*PROBLEM DESCRIPTION:*
With the pictures omitted, transcribe each line below exactly as it is.

╭─ DATA BELOW

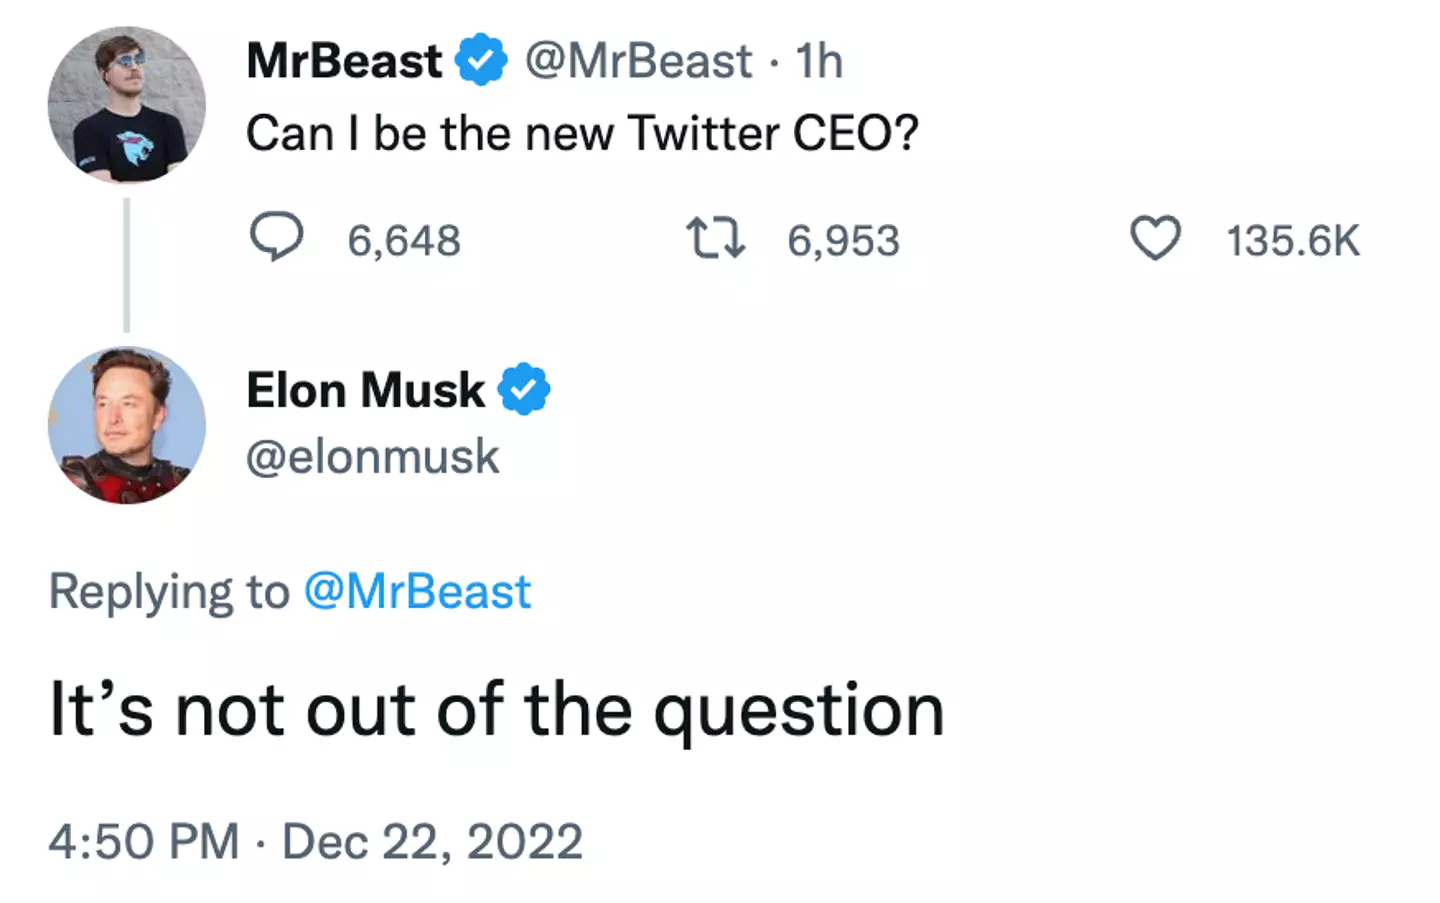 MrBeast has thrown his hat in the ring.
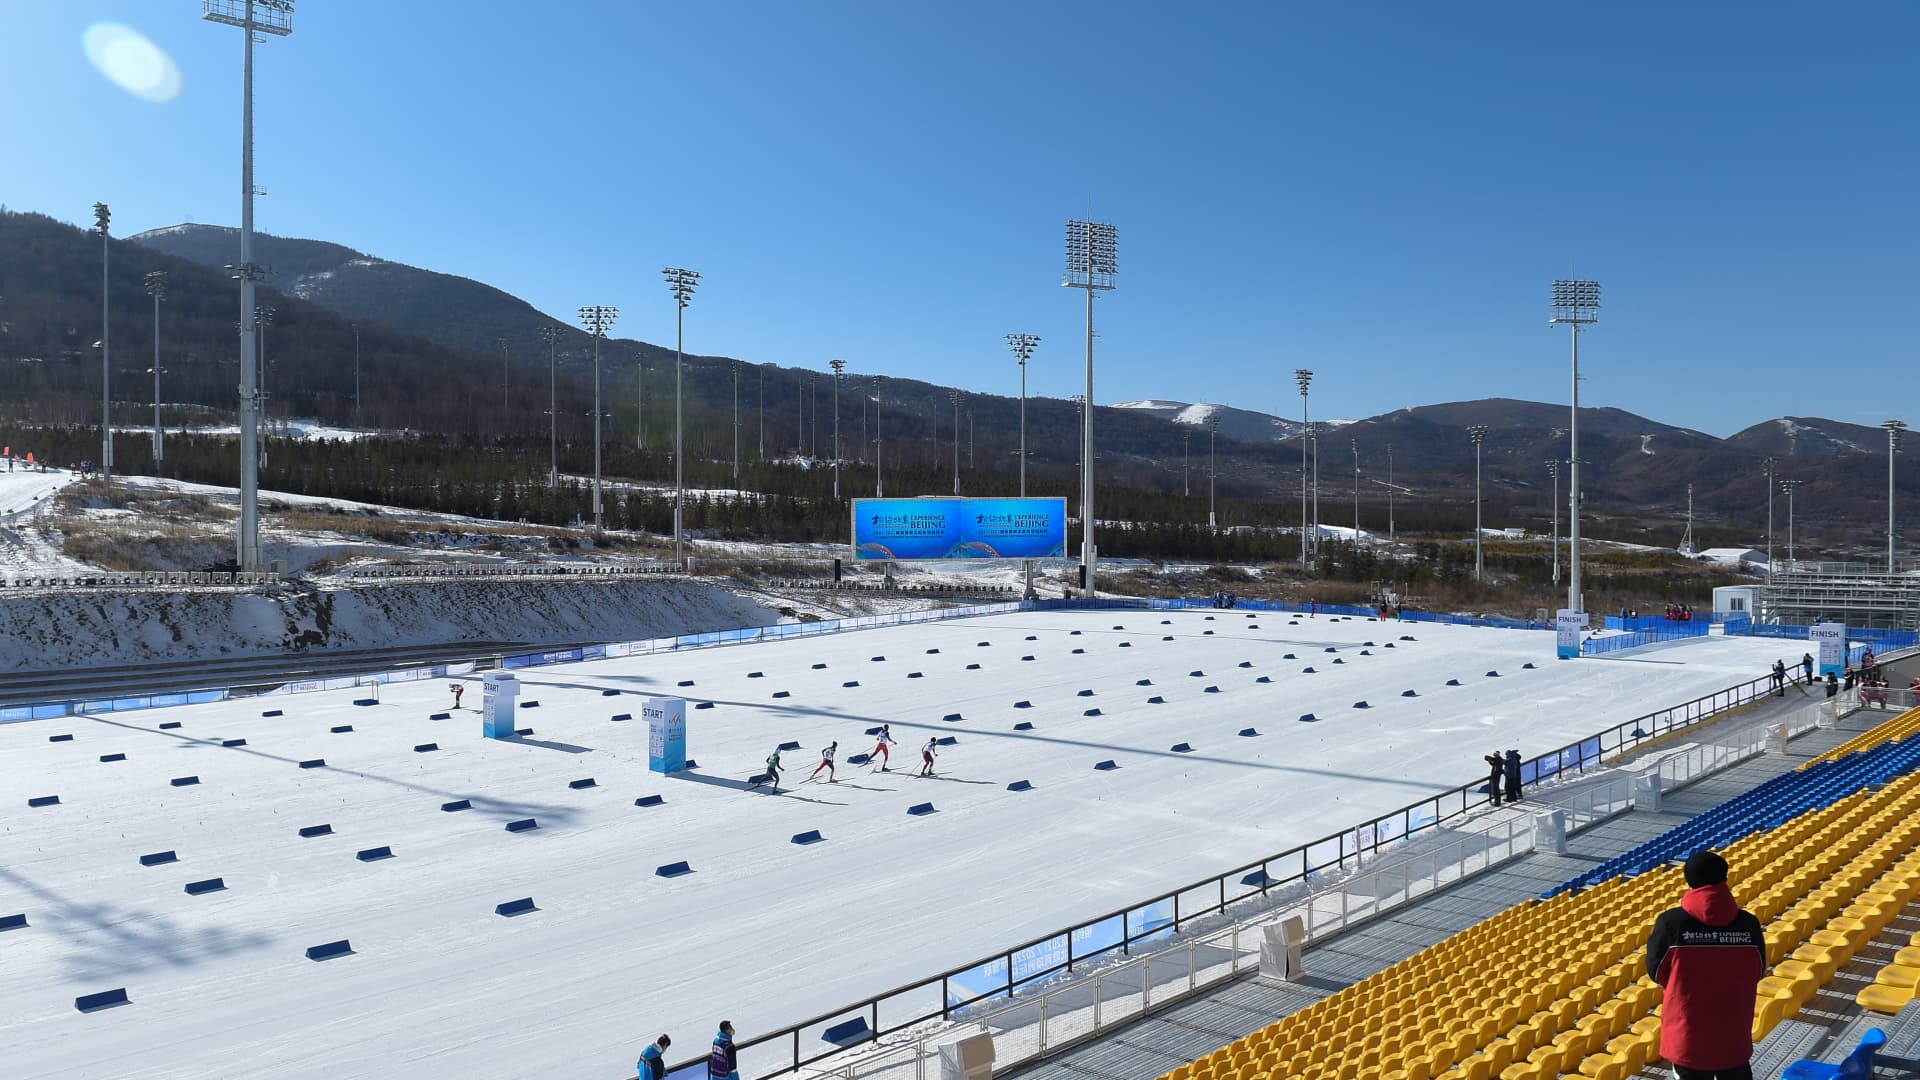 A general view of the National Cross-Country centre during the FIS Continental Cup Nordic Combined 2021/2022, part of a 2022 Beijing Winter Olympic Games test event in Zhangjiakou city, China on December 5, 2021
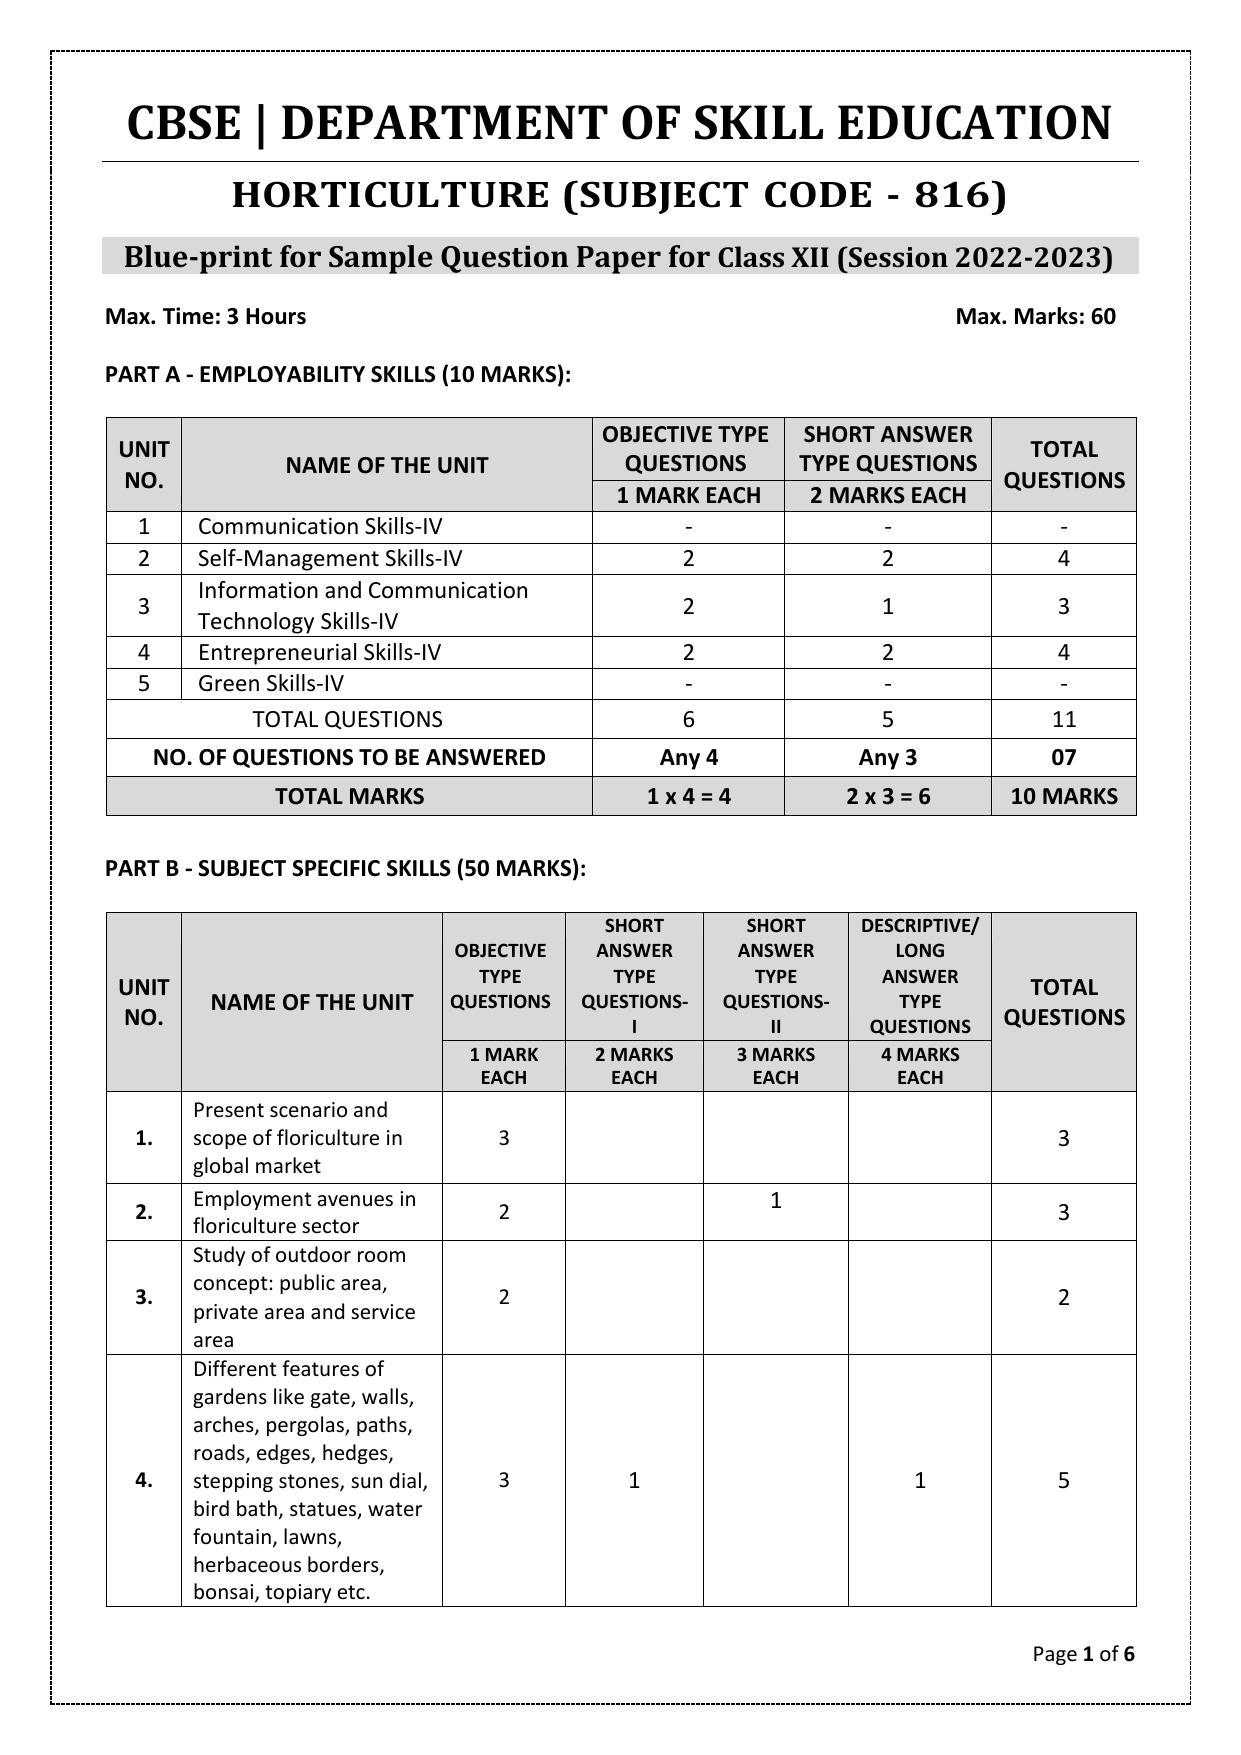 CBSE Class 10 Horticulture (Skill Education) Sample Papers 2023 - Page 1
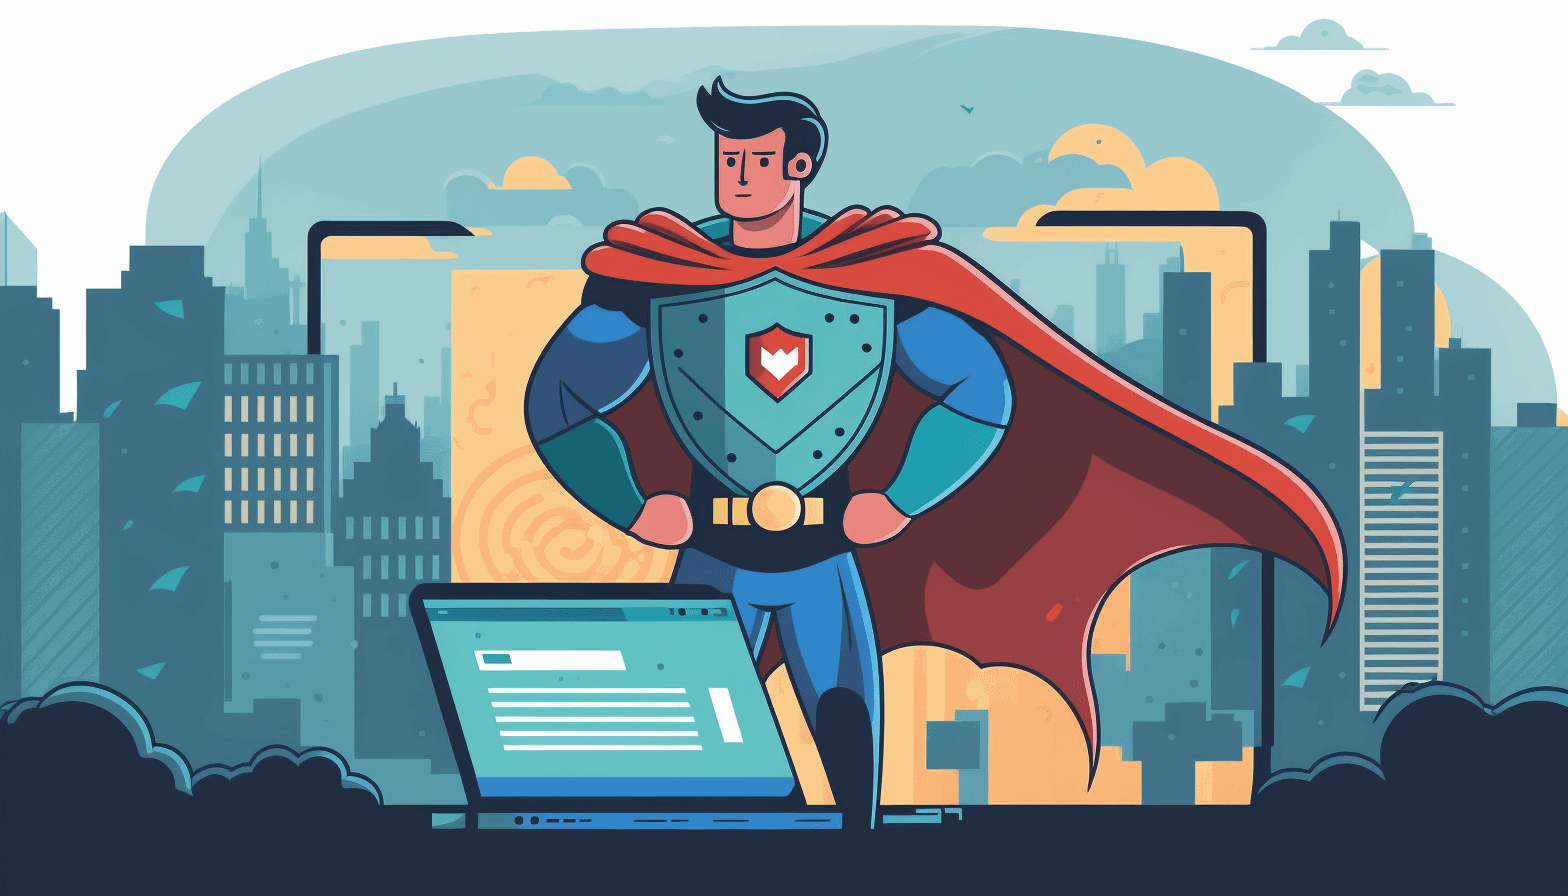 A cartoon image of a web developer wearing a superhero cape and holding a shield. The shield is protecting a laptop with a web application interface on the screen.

╰─

*SOLUTION TO THIS PROBLEM:*
 MrBeast has thrown his hat in the ring.
 A general view of the National Cross-Country centre during the FIS Continental Cup Nordic Combined 2021/2022, part of a 2022 Beijing Winter Olympic Games test event in Zhangjiakou city, China on December 5, 2021
 CBSE Class 10 Horticulture (Skill Education) Sample Papers 2023 - Page 1
 A cartoon image of a web developer wearing a superhero cape and holding a shield. The shield is protecting a laptop with a web application interface on the screen.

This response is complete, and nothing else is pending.